After a summer in which almost 3,000 migrant children were separated from their parents at the border, the Trump administration admitted last week that it was holding a record number of children in government custody. Around 14,000 children classified as “unaccompanied children” are now being held in the custody of the Department of Health and Human Services (HHS). More remain locked in family detention centers with their parents.

The majority of unaccompanied children in government custody remain there because the government has not been able to release them to a “sponsor” in the United States. Sponsors can be family members who already live in the United States or anyone who is able to take care of the child and satisfy certain requirements. HHS is required to ensure that all sponsors go through background checks to make sure that the child is placed in a good home. In the past, many children were released to undocumented parents in the United States.

Since taking office, President Trump has taken measures that have made it harder to release children to sponsors, which has swelled the numbers of children in government custody. Beginning in August 2017, the administration began arresting sponsors who were undocumented. The targeting of sponsors for immigration enforcement was widely criticized because it prevented sponsors from coming forward to claim children.

In April 2018, the office in charge of releasing children to sponsors signed a new agreement with Immigration and Customs Enforcement (ICE). The agreement requires the agency to fingerprint every member of a household where a sponsor lives, and then share that data with ICE. After the memo went into effect, ICE arrested 41 sponsors who came forward to take care of a child. Following this policy change, the number of children in government custody began to increase rapidly.

In August 2018, the Legal Aid Justice Center, a group which represents children in immigration custody in Virginia, sued the administration to overturn this policy. On November 15, 2018, a judge in Virginia denied the government’s motion to dismiss the lawsuit and let it proceed to trial. The same day, a coalition of twelve state attorneys general sent a letter to the Trump administration demanding that it reverse the policy, which they claim imposes “unjustified burdens” on the sponsorship process and prolongs the time that children are held in government custody.

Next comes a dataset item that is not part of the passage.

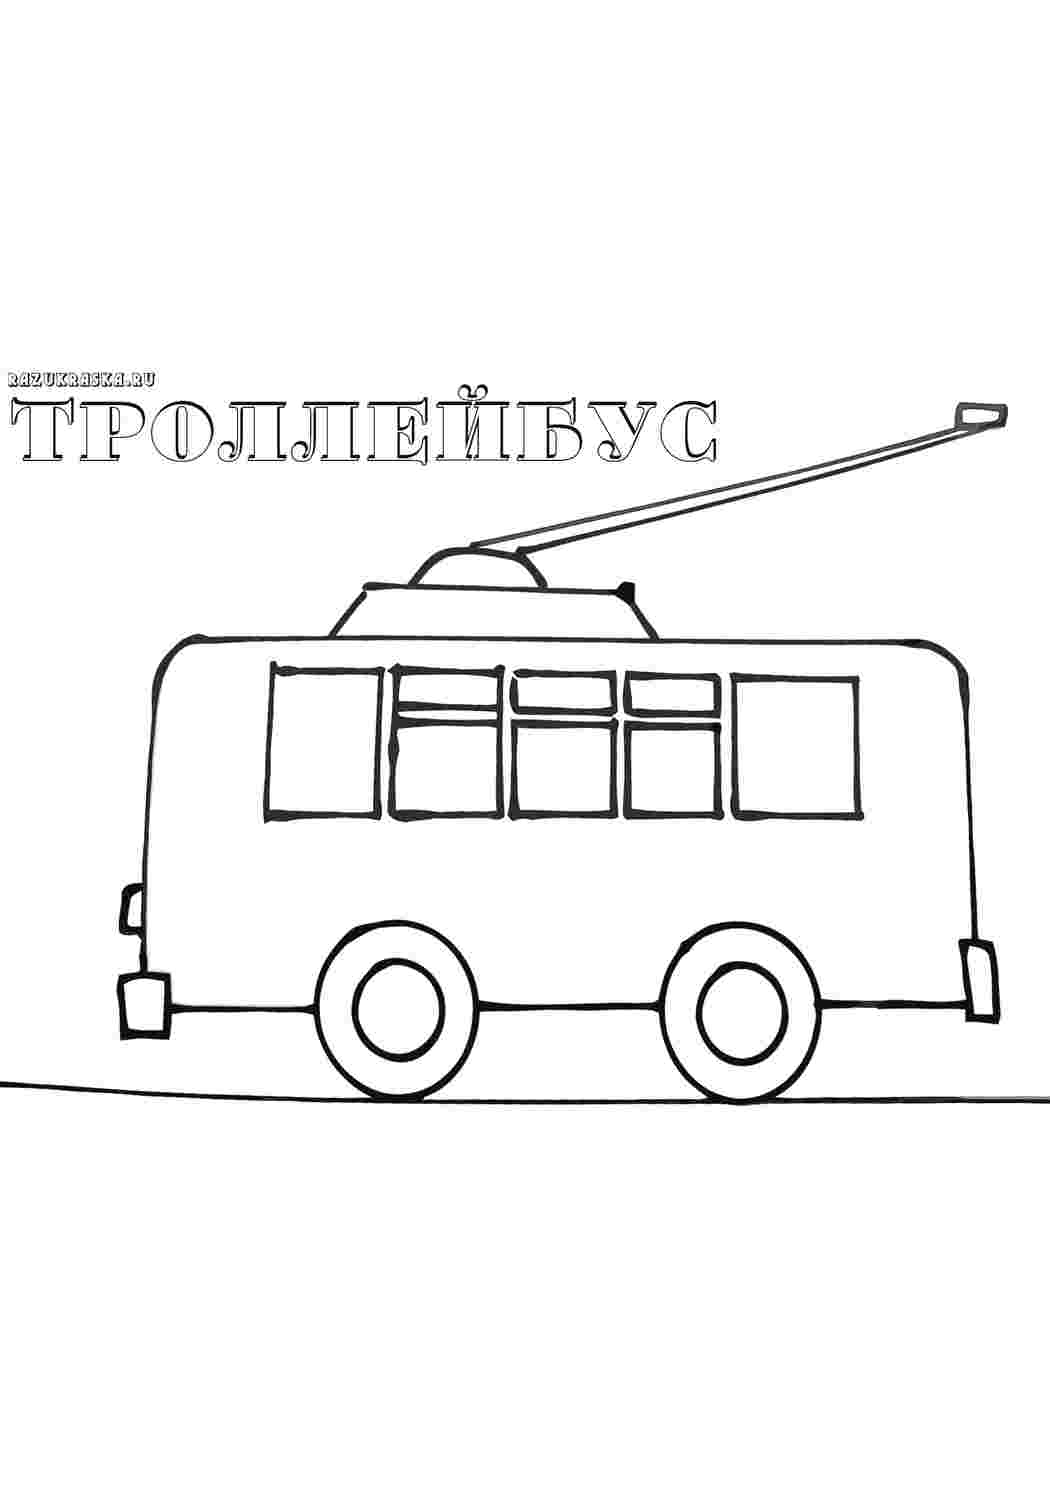 Автобус рисунок | Draw, Horizontal, Perspective
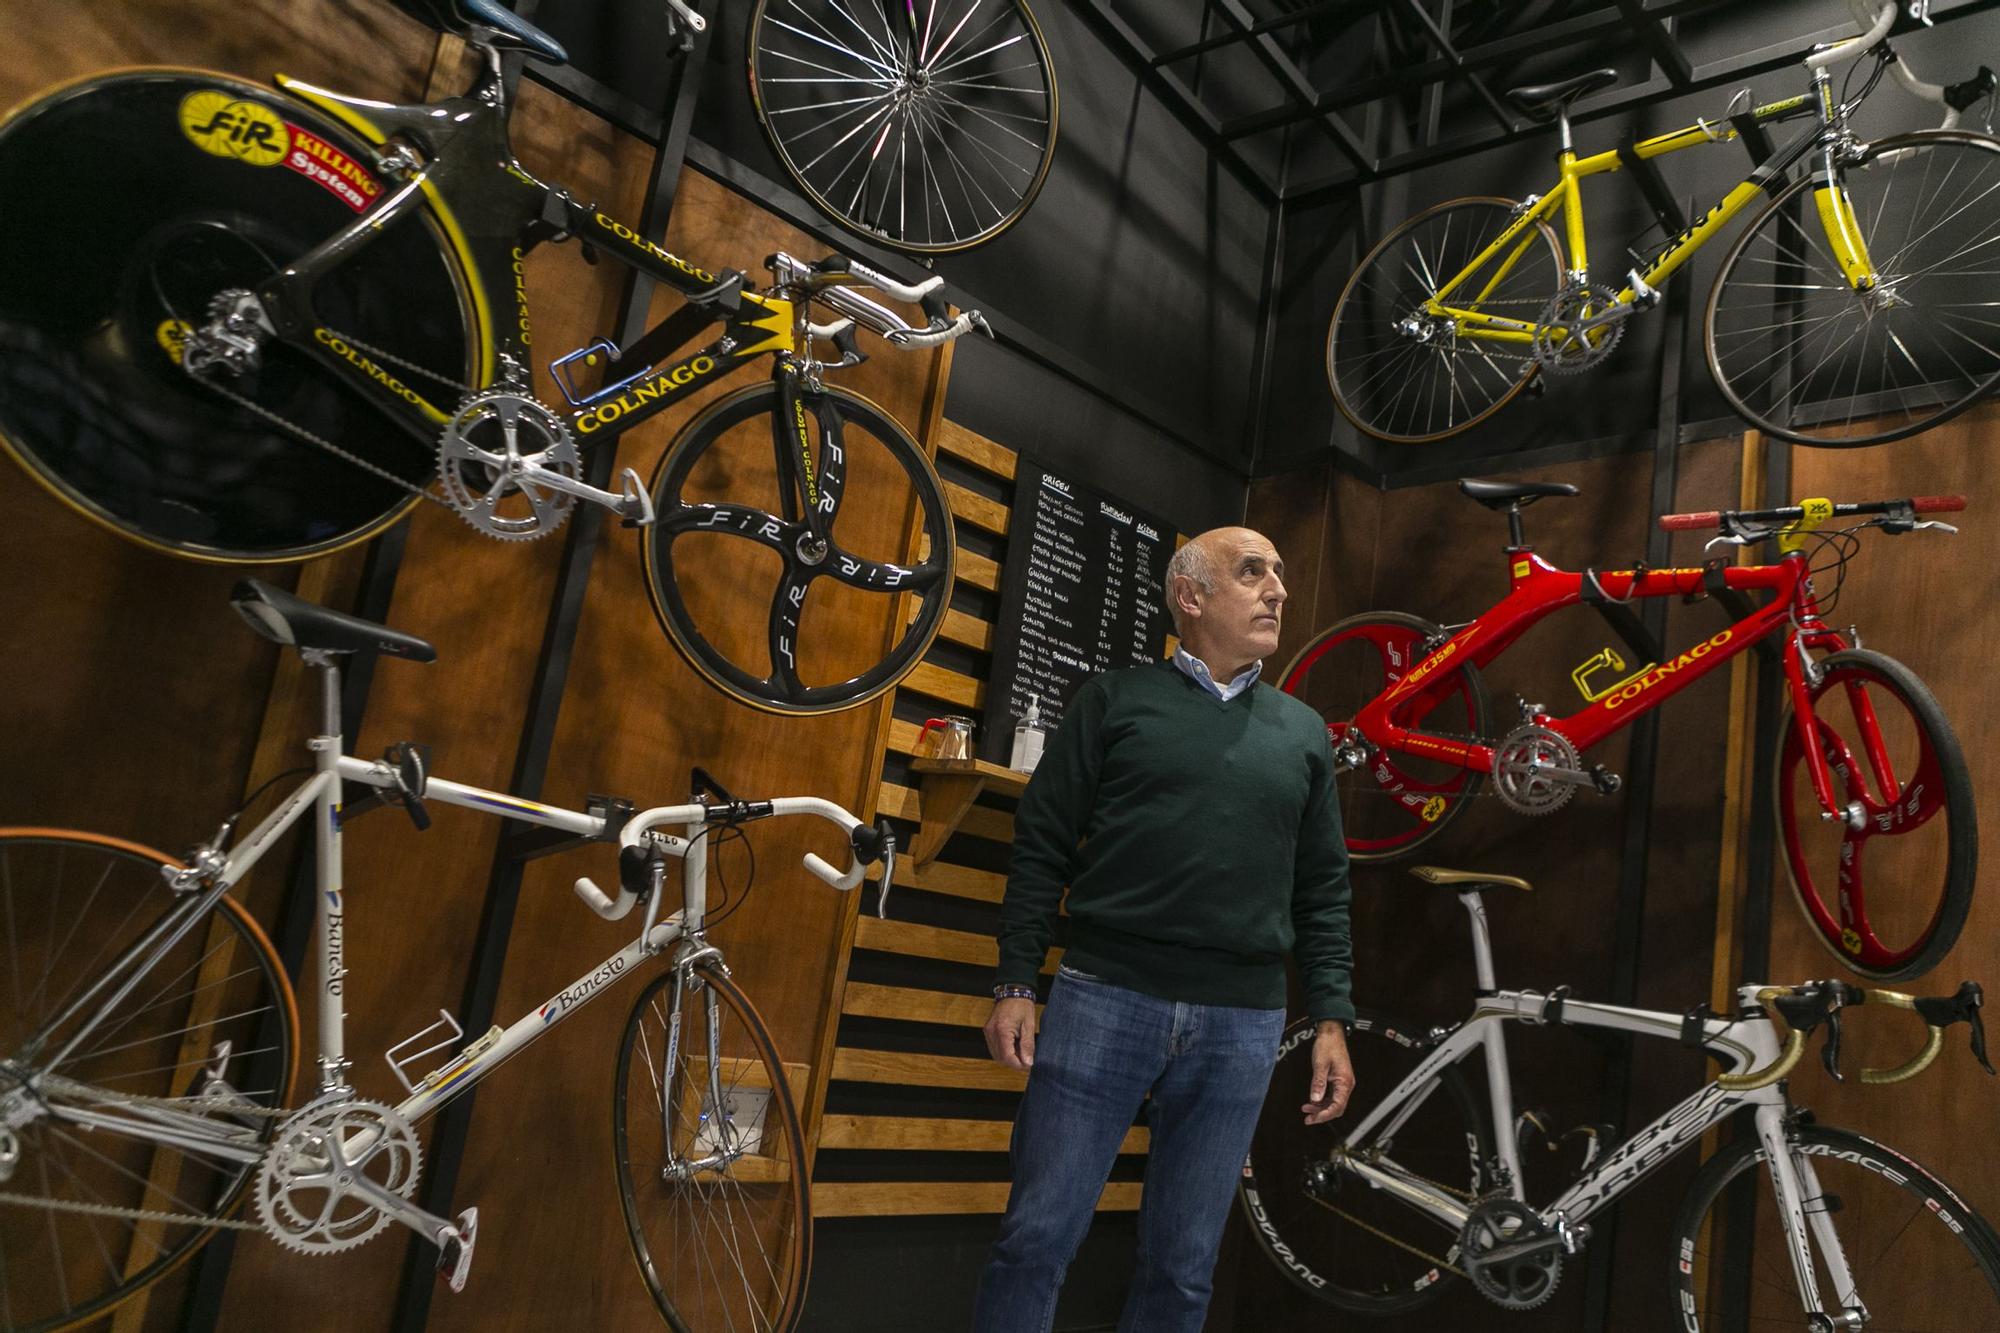 Así es por dentro el tostadero de cafés de Avilés con bicicletas de campeones del mundo

As the number of children in government custody has risen, the administration announced that in October it would expand a tent camp in Tornillo, New Mexico to hold more children. At the beginning of November, there were already more than 1,000 children held in the camp, all of whom are ages 13 to 17 and who have already begun the sponsorship process. The tent camp has the capacity to hold up to 3,200 children.

While all parties agree that the government should make sure that sponsors will not take advantage of children, the decision to target sponsors for immigration enforcement has created a crisis entirely of the government’s making. In the coming months, as control of the House of Representatives changes party, it will be incumbent on Congress to take steps to exercise oversight over the administration’s tinkering with the sponsorship process. No child should be held captive because of politics.